Fringe Audience, Day Three


After I wrote yesterday’s post at a Starbucks in far downtown Manhattan (right across from my brother Ian’s favorite building) while drinking a large vanilla something or other, and then went to go see Comedeus, which might be the best way to see it.

Comedeus, also known as “The Andy Ross Experience” is one of those theater/comedy pieces that walks right up to the line of what you can stand, but Mr. Ross has the decency not to step over that line. His piece is organized with sound cues and a couple of props, but really he’s just telling a story and he tries to make it funny for you. And it works. He makes it funny.

Here’s the thing. It’s not a coherent show, it isn’t presented as a piece of articulate art whatsoever. And usually that pisses me off. But the story he is telling is about two characters, Comedeus (God of Comedy, I think, I don’t know he was humping the stage half the time) and Tutheus (God of realism). Trutheus wants the world to be orderly, organized, disciplined and, y’know, he wants everyone to be off book by the performance. But Mr. Ross is on the side of Comedeus, so he just makes shit up. And almost all of it was either pretty funny, or really inspired and hilarious.

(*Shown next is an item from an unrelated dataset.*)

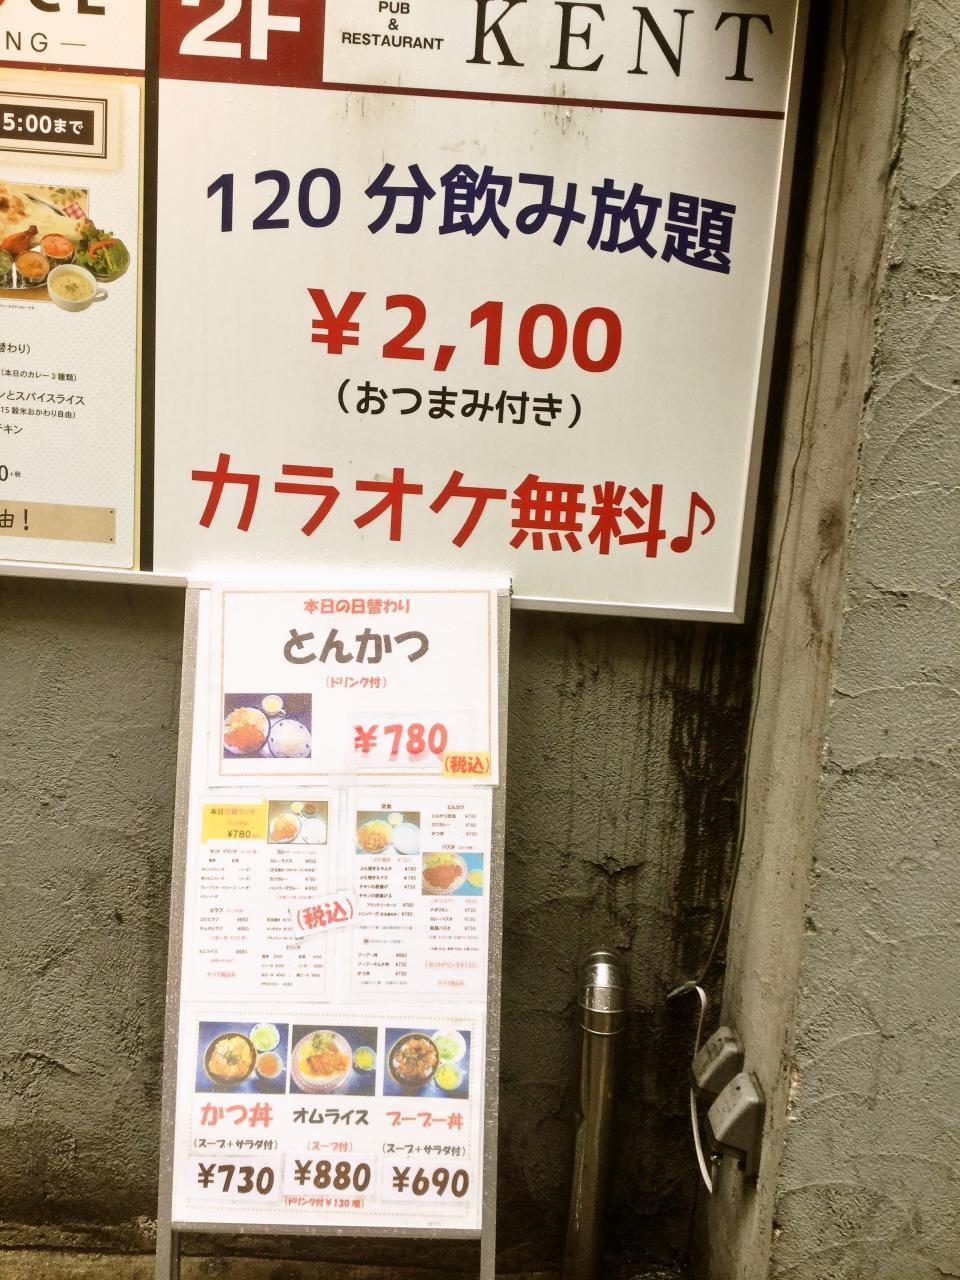 KENT(外観)
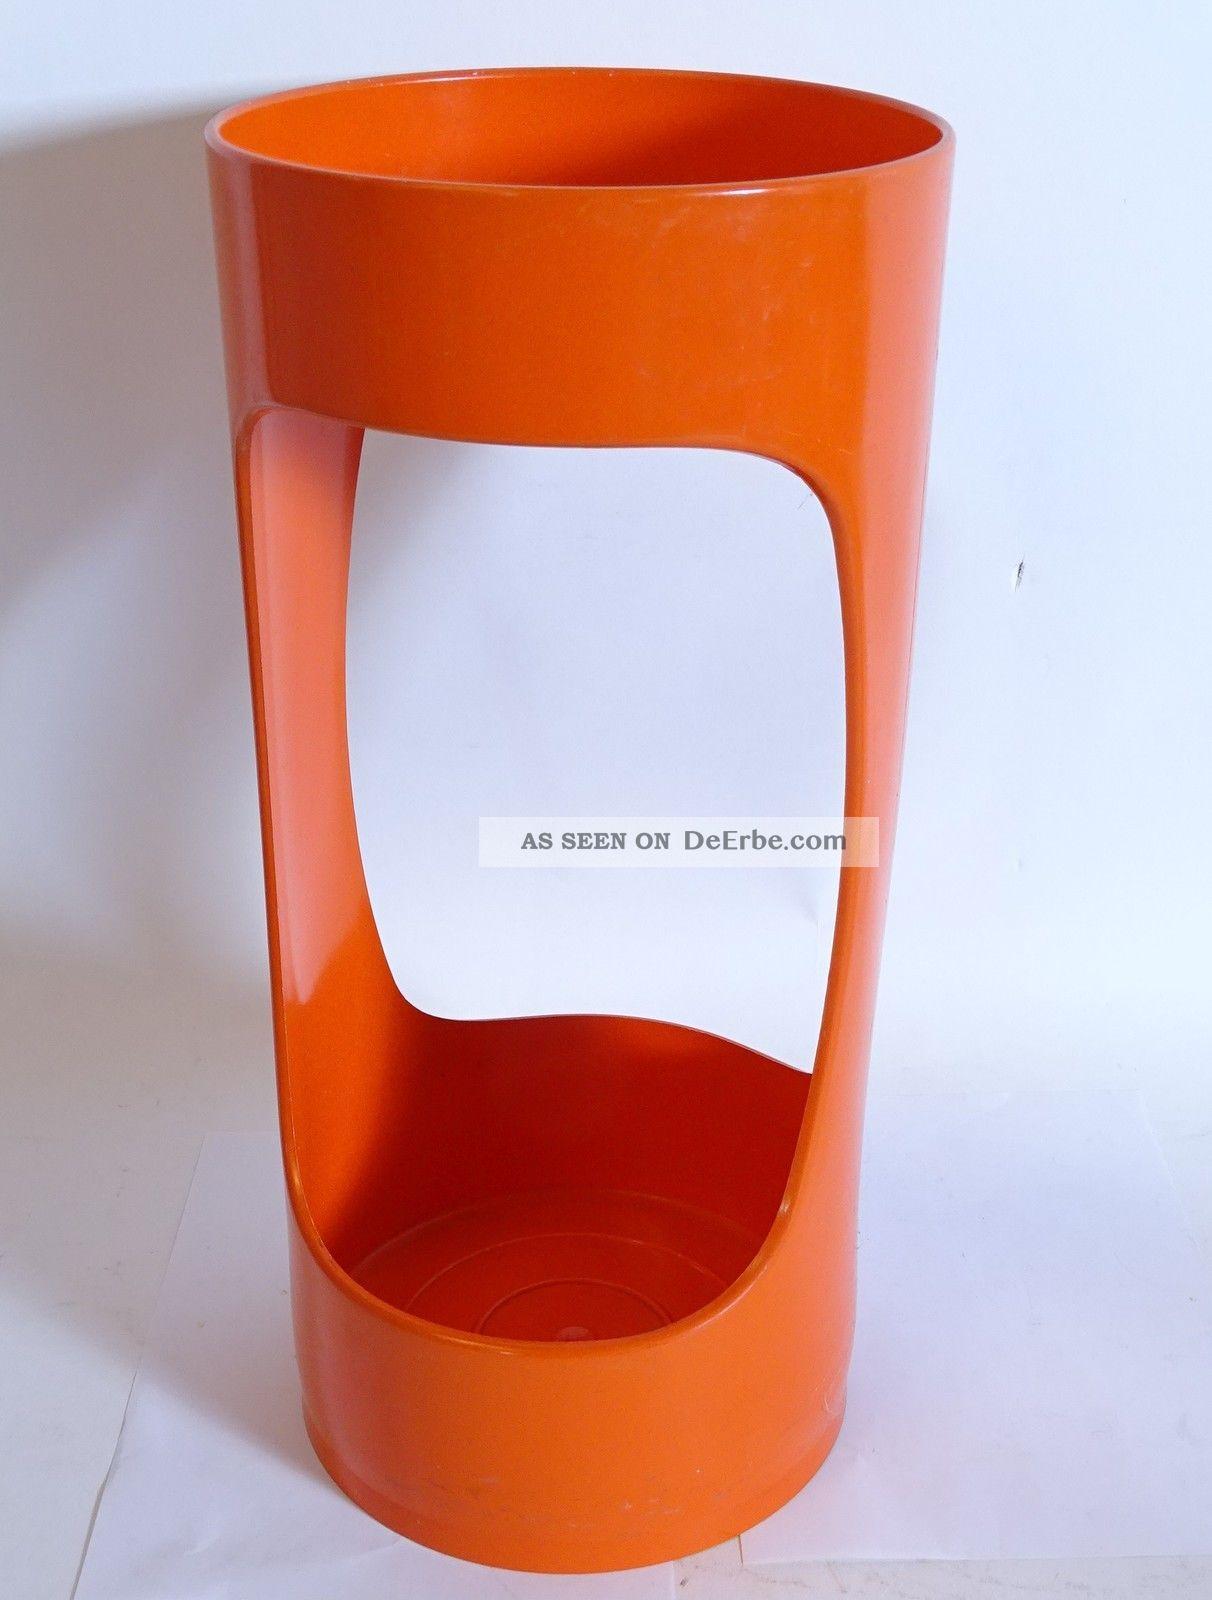 70er Jahre Schönbuch Design Schirmständer Lack Orange Space Age Rarität 1970-1979 Bild

At one point, there was a noise from the theater next door that sounded exactly like horses. So, Ross decided that the character he was playing was on horseback. When we came back to that character, he remembered that it was supposed to be on a horse, but there was no noise from next door, so, on a whim, he asked us to bang on our chairs to make the horse noise for him. “Now you’re in the show!” he hollered. “I’ll pay you what I’m paying them!” he pointed to the stage manager with a huge smile that snapped into a scowl as he yelled “SUCKERS!”

Full disclosure, this guy is from the Carolinas, and as soon as I heard his accent and met his wife (the stage manager) I was totally on their side. I have friends that would have hated this, I know Jordana would have eaten her own tongue. But she has a heart of ice, as I’ve said before.

The second show was a bit of a mixed bag. Sound Of The Estate is one of the shows that makes legit theater people cringe. Uncle Vanya set in a harlem recording studio? But, of course, I’m a homer and anything with recording studios or hip-hop and I’ll give it a shot.

The play was updated masterfully, and the cast was wonderful. Most of the people are either hip-hop artists or singers, and Chekov in the mouths of musicians is just magical. Singers and rappers are used to communicating with word combinations they wouldn’t necessarily casually use, and the cast handled it really well. I loved the script, full of the same horrible feelings of inertia, the same horrible struggles between class and the unfairness of beauty and love.

If the playwright, Jehriko Turner had simply updated it and then given it to a director (he’s listed as doing both), he would have done the project a huge favor. For those of you wondering what a stage director does, believe me you know it when he or she hasn’t done it. If actors are unsure of their place on stage, if actors aren’t off-book, if scene changes are over-long or awkward, if set pieces don’t seem to belong, then you know the director didn’t know how to run rehearsals.

Also, it was a great idea to set it in a studio, but no-one on stage seemed to know what happens in a studio. There was a mixer, a keyboard, a computer and a booth on stage, and occasionally someone would press a button on the mixer to make sound happen, or would ask someone in the booth to play something back. In fact, they constantly asked people in the booth to play something back, and they would yell through the glass to talk to each other. I’m just saying, it was a cool idea, and a theater director, a nuts and bolts woman or man, would have taken this wonderful script and amazing actors and turned it into a theater piece.

Tonight, our show opens, and then I might be getting drunk. Or I might go see another show at ten, I’m not sure.